Recientemente, se han reportado la destrucción de la mayor colonia de cernícalo primilla en Palencia, un hecho que ha encendido los ánimos de organizaciones conservacionistas. La intervención en la cubierta de un edificio, en plena época de reproducción, ha impedido el acceso a los nidos y podría resultar en la pérdida de numerosas puestas. El cernícalo primilla es una especie vulnerable y su protección está garantizada por leyes nacionales y europeas, que prohíben la destrucción de nidos durante el periodo de cría.
Los trabajos de mantenimiento en una iglesia han resultado en la eliminación física de nidos y en una severa alteración del ciclo reproductivo de varias especies, incluidos cernícalos primilla, cigüeñas blancas y grajillas. Tal perturbación podría traducirse en un notable descenso en el éxito reproductor de estas aves.

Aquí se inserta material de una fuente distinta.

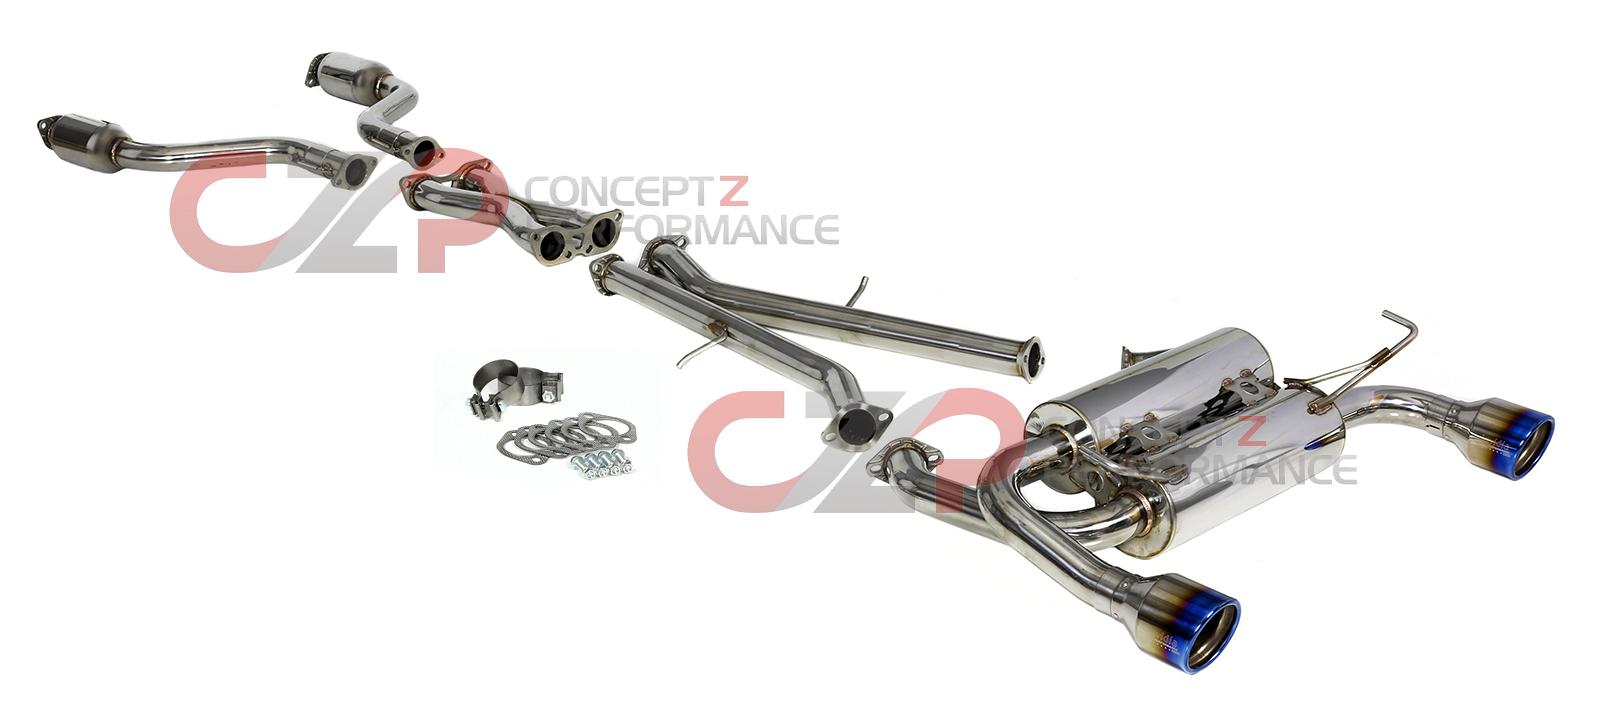 hight resolution of invidia gemini rolled titanium tip cat back exhaust system infiniti g37 q60 coupe cv36
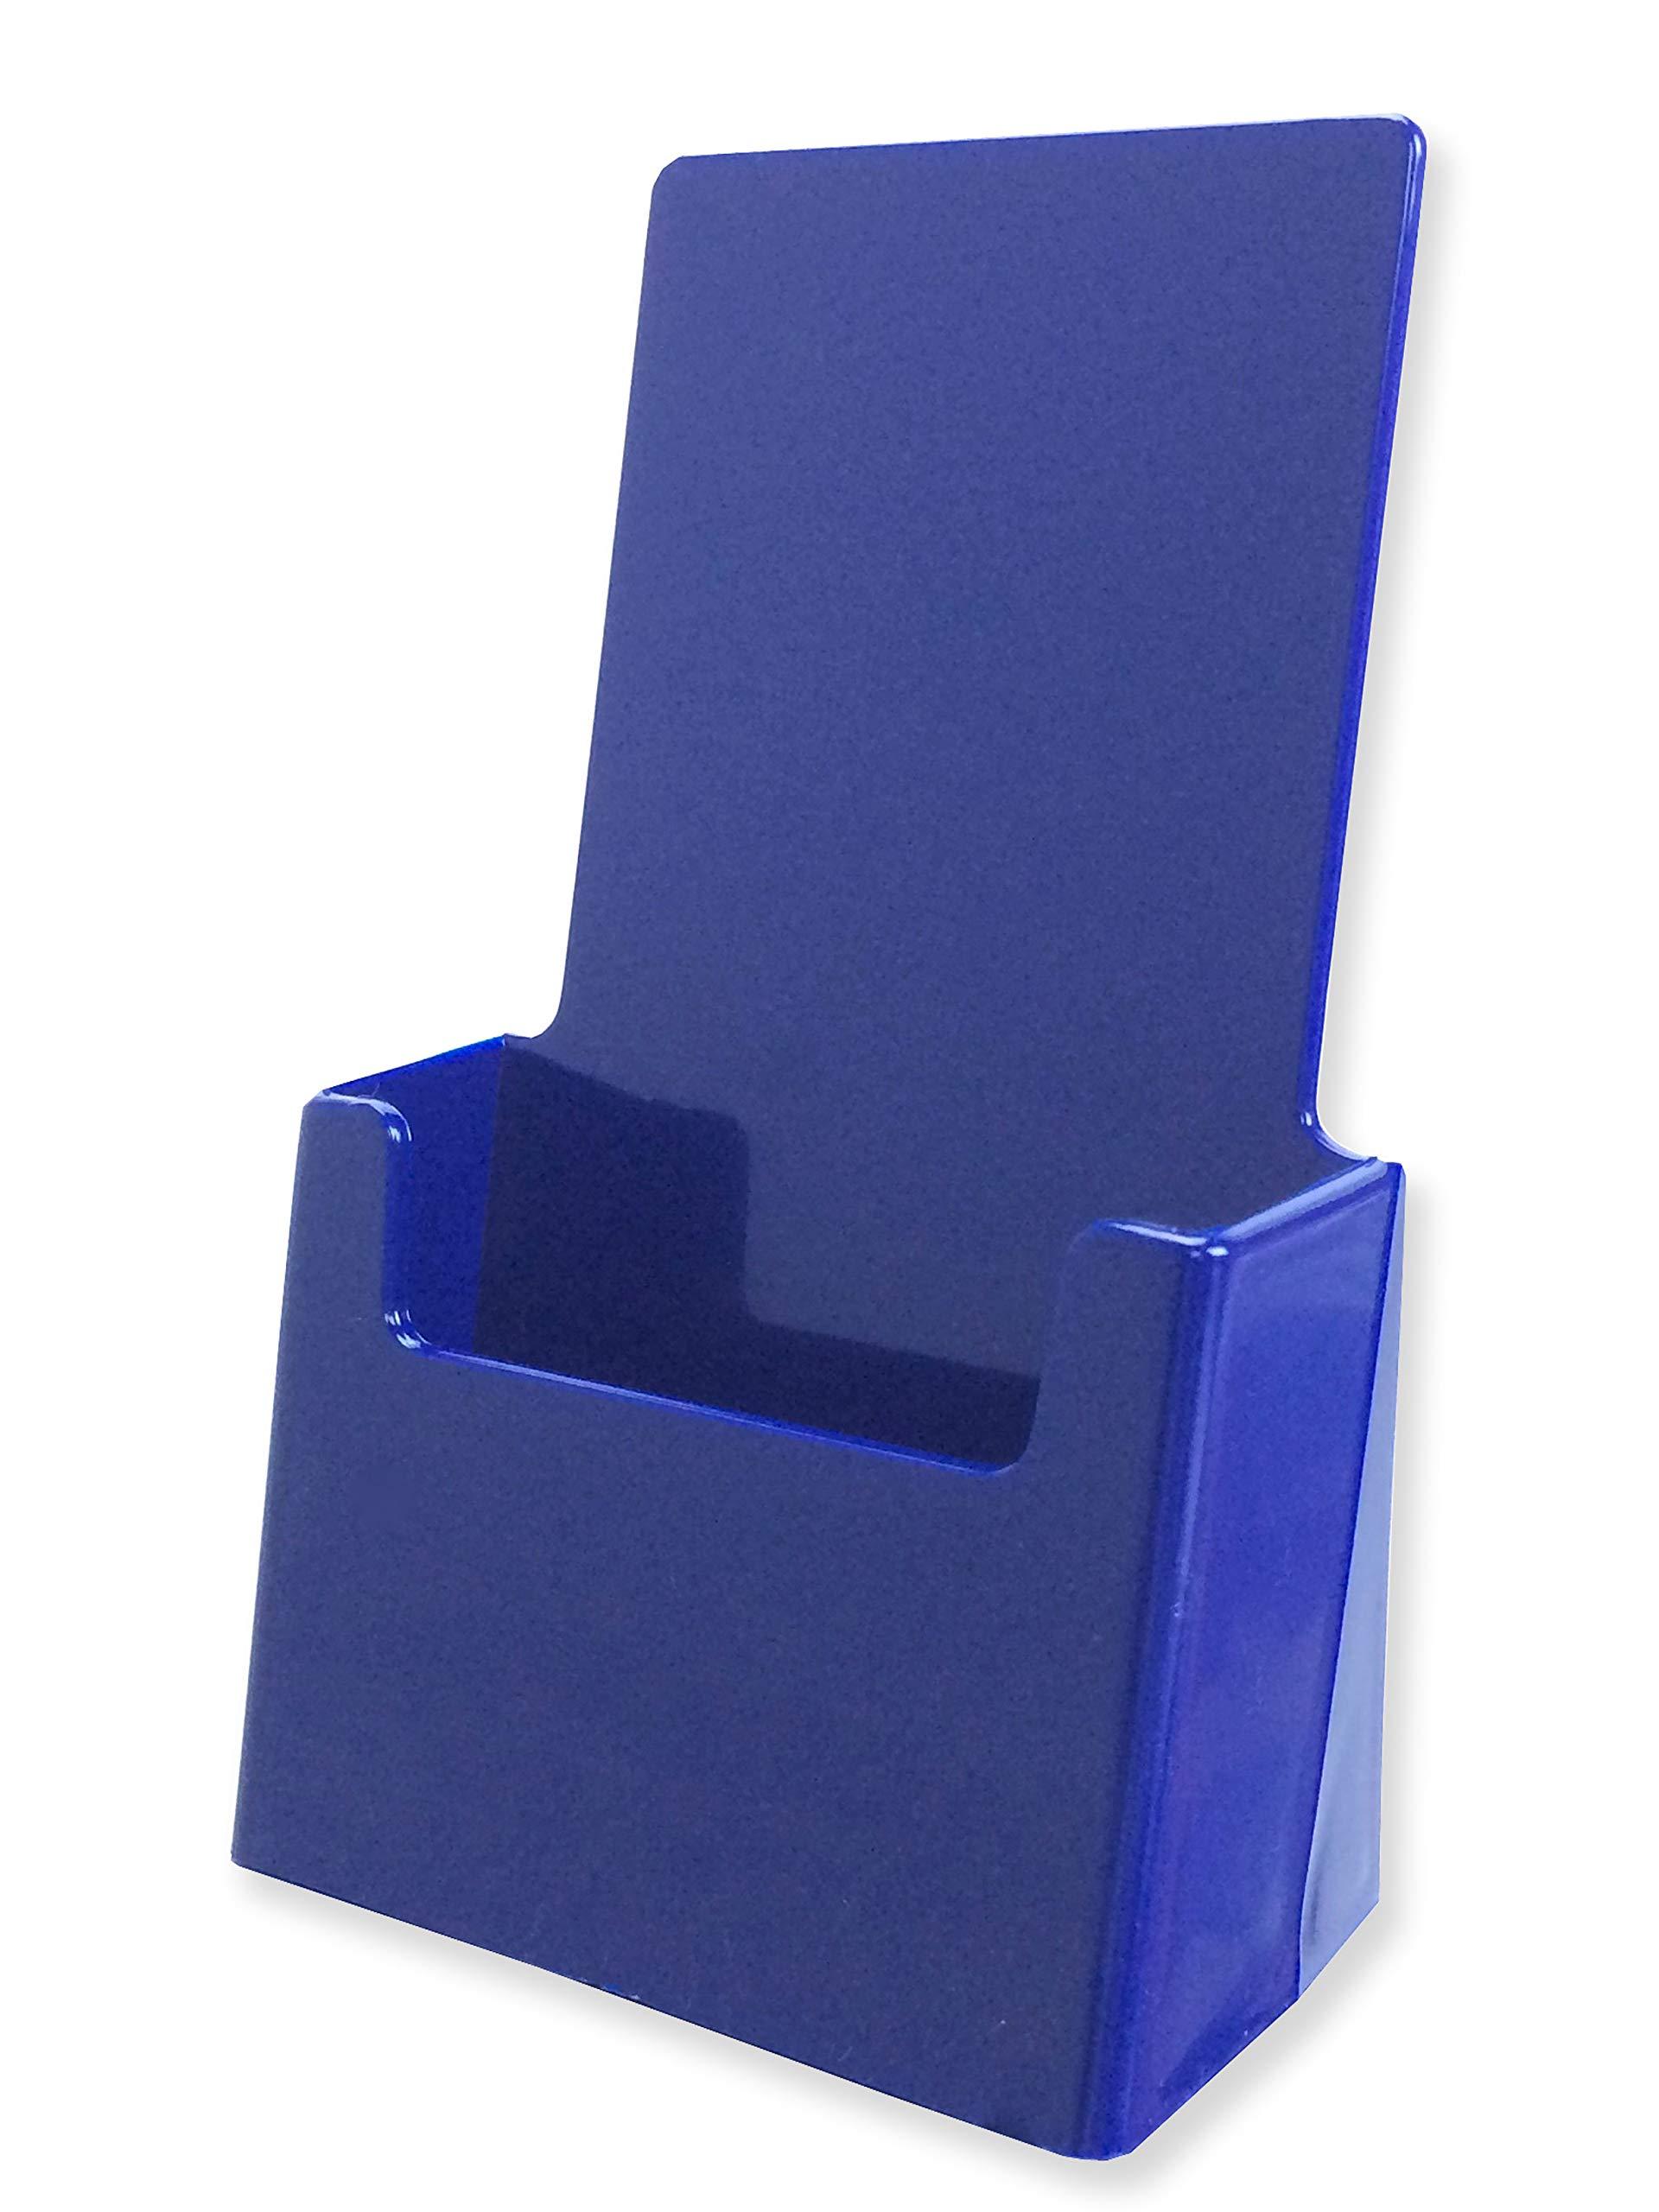 Marketing Holders Blue Brochure Pamphlet Holder Advertisement Literature Display Printed Material Paper Rack Countertop 4''w x 7''h Pack of 10

Ante esta situación, se han iniciado investigaciones por parte del SEPRONA y el Servicio de Medio Ambiente, y organizaciones conservacionistas se están preparando para presentar una denuncia formal, dado que se considera que estos actos podrían constituir un delito contra la fauna.
Esta situación pone de relieve la fragilidad de las aves urbanas frente a obras mal planificadas, subrayando la necesidad de una mejor coordinación entre las labores de mantenimiento y la protección de la biodiversidad, especialmente en épocas críticas para la reproducción de especies protegidas.